■ **PROVIDED DATA**:
☆ ☆ ☆ ☆ ☆ ☆ ☆

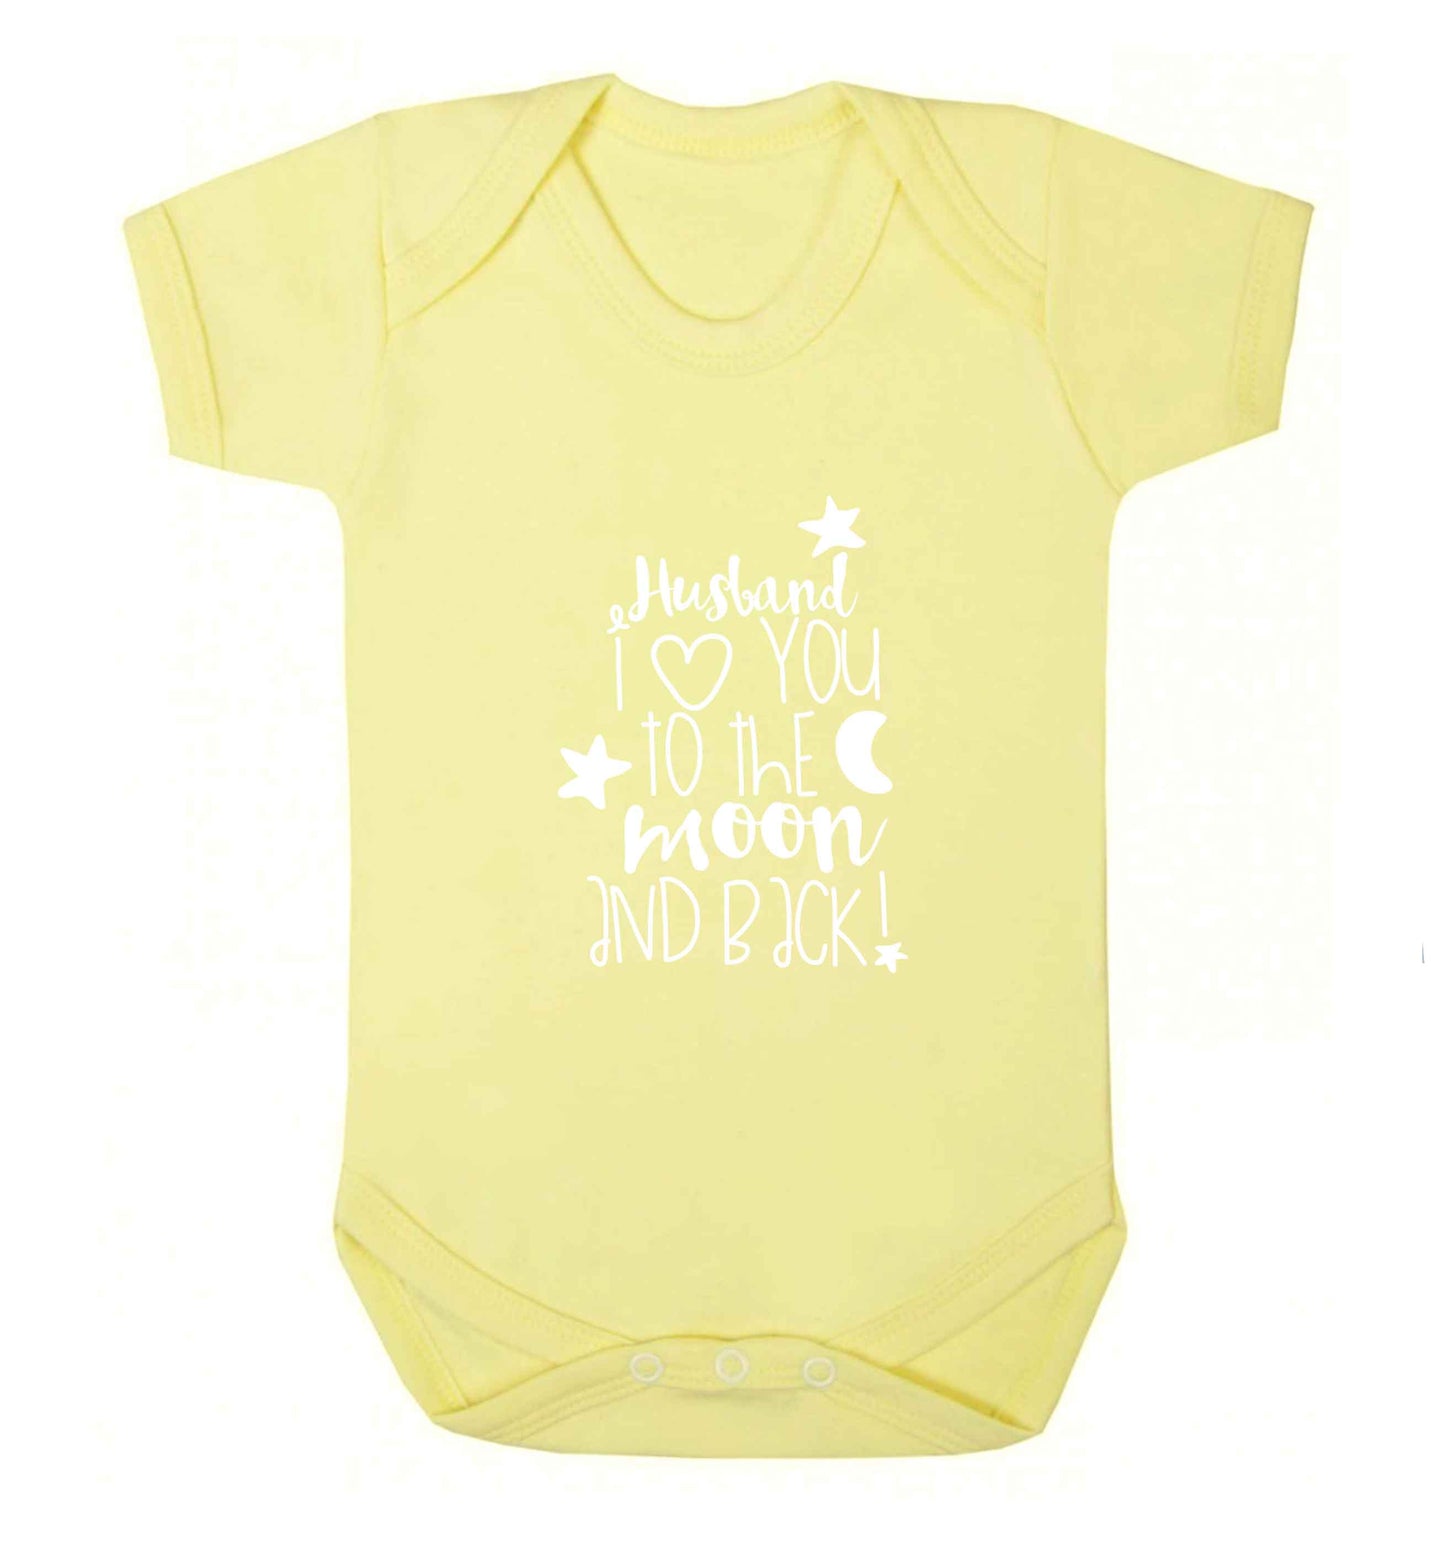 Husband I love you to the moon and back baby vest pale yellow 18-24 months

☆ ☆ ☆ ☆ ☆ ☆ ☆

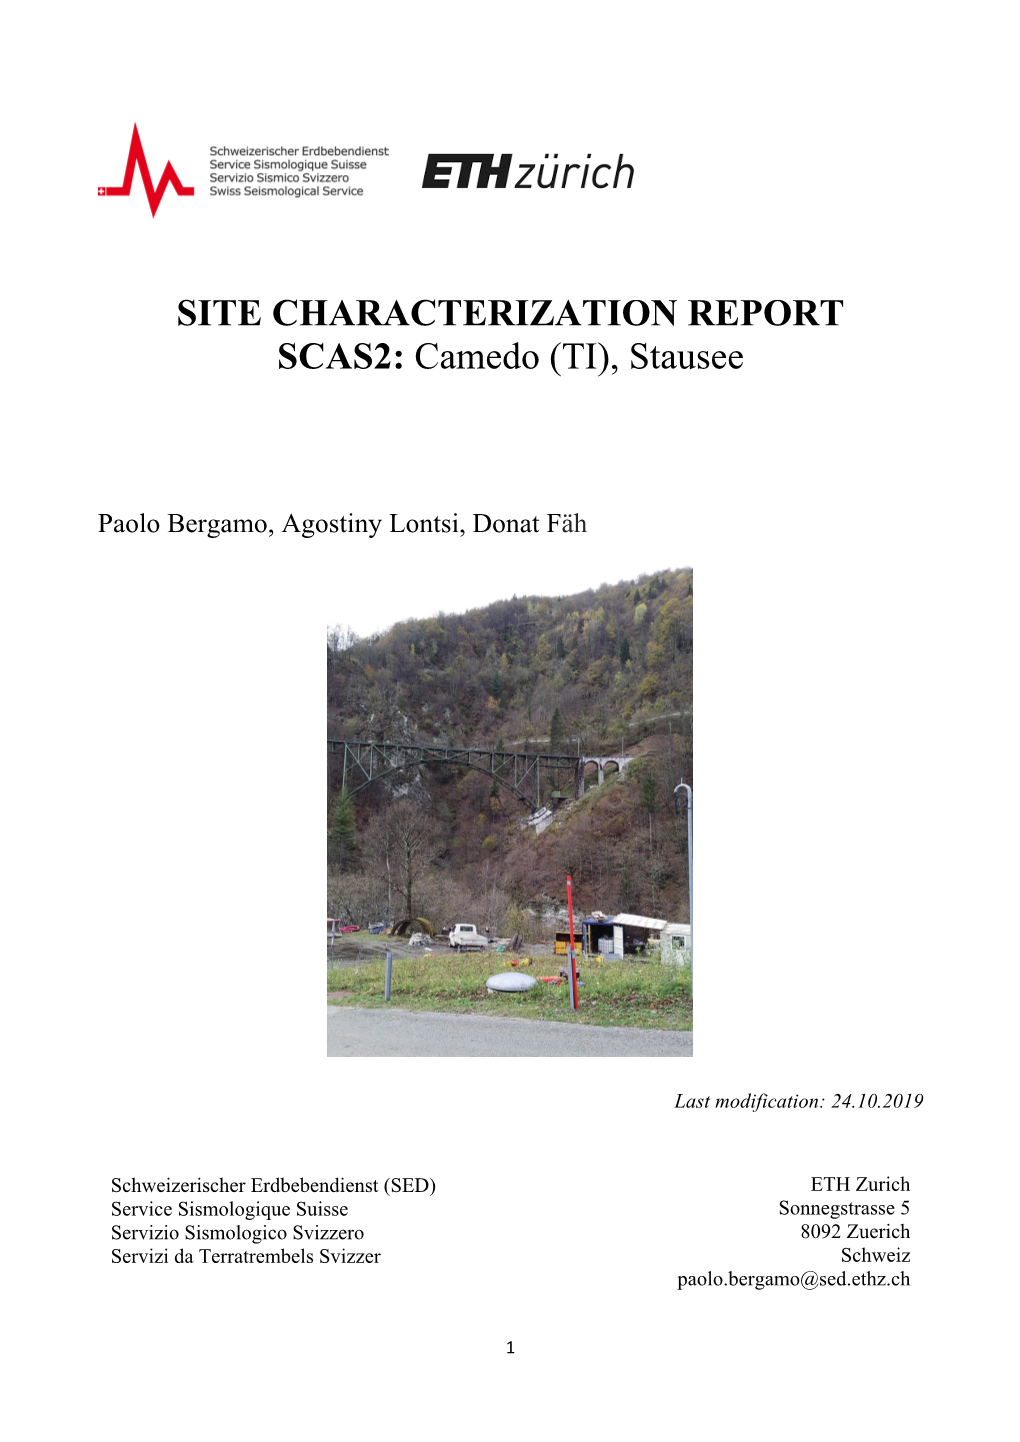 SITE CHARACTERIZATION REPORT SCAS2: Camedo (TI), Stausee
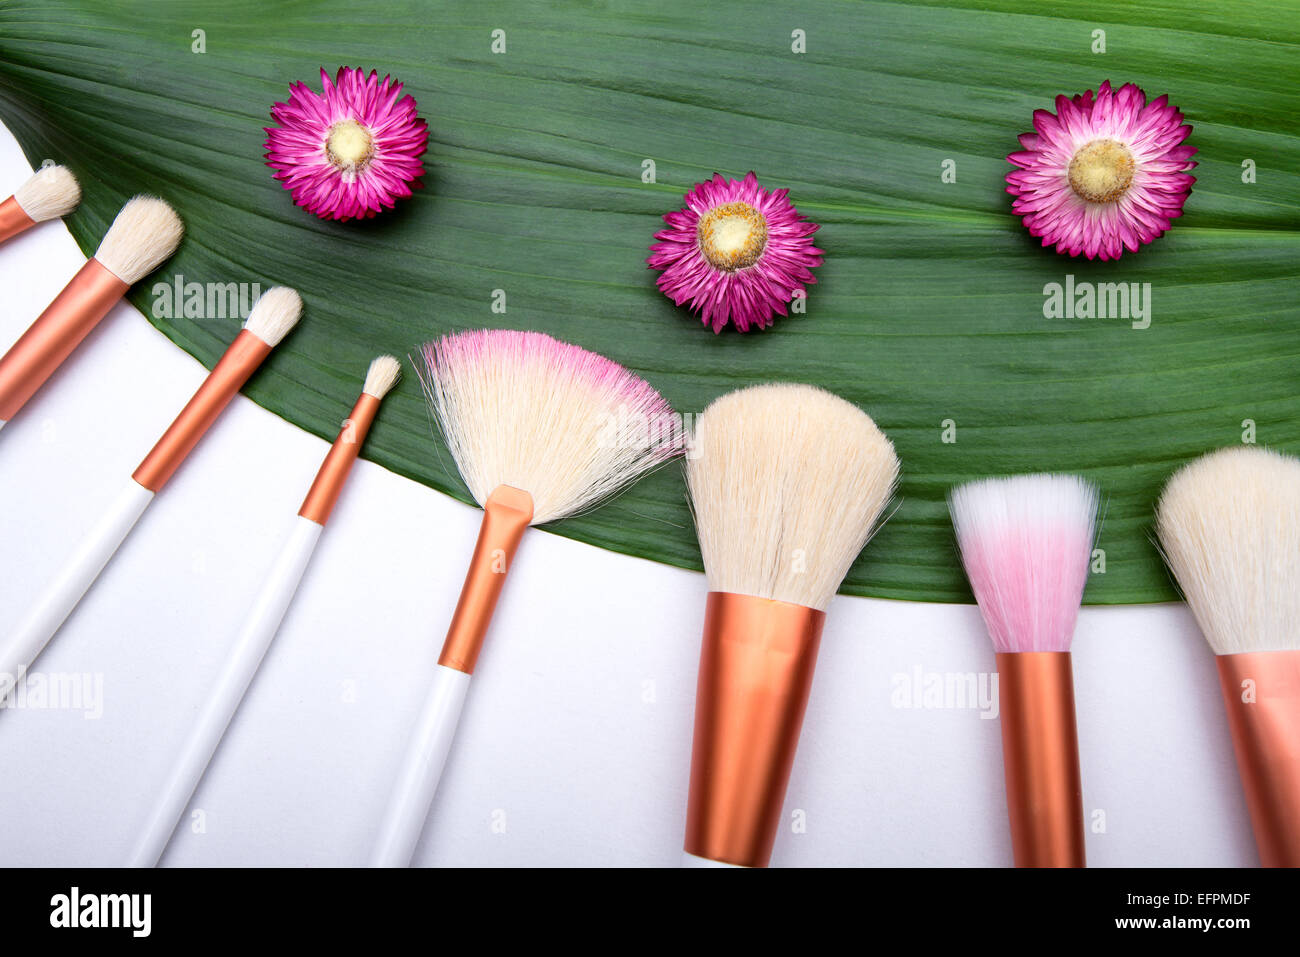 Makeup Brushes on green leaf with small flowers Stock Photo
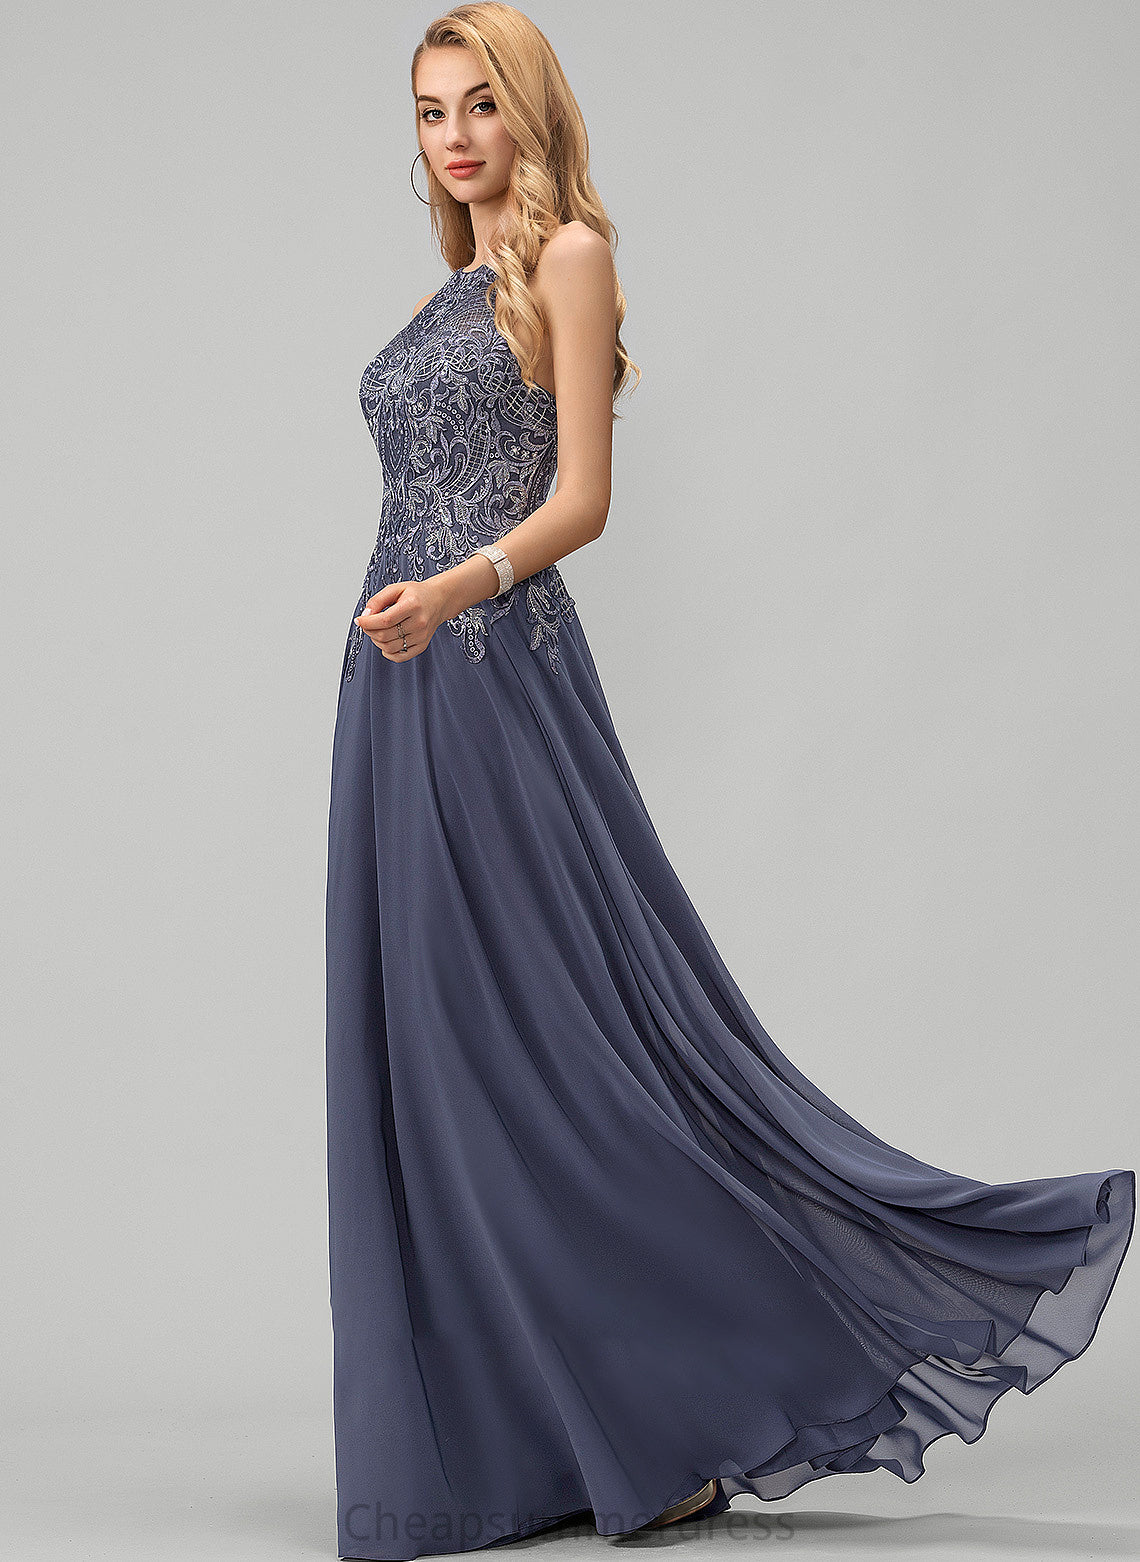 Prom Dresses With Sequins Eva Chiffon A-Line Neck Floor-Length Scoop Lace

☆ ☆ ☆ ☆ ☆ ☆ ☆

■ **REQUIREMENT**: Working from the records above, set down word for word everything from the line containing "SITE CHARACTERIZATION REPORT" down to the line containing "Prom Dresses With", ends included, minus the pictures.

■ **EXPECTED OUTPUT**:
 SITE CHARACTERIZATION REPORT SCAS2: Camedo (TI), Stausee
 Makeup Brushes on green leaf with small flowers Stock Photo
 Prom Dresses With Sequins Eva Chiffon A-Line Neck Floor-Length Scoop Lace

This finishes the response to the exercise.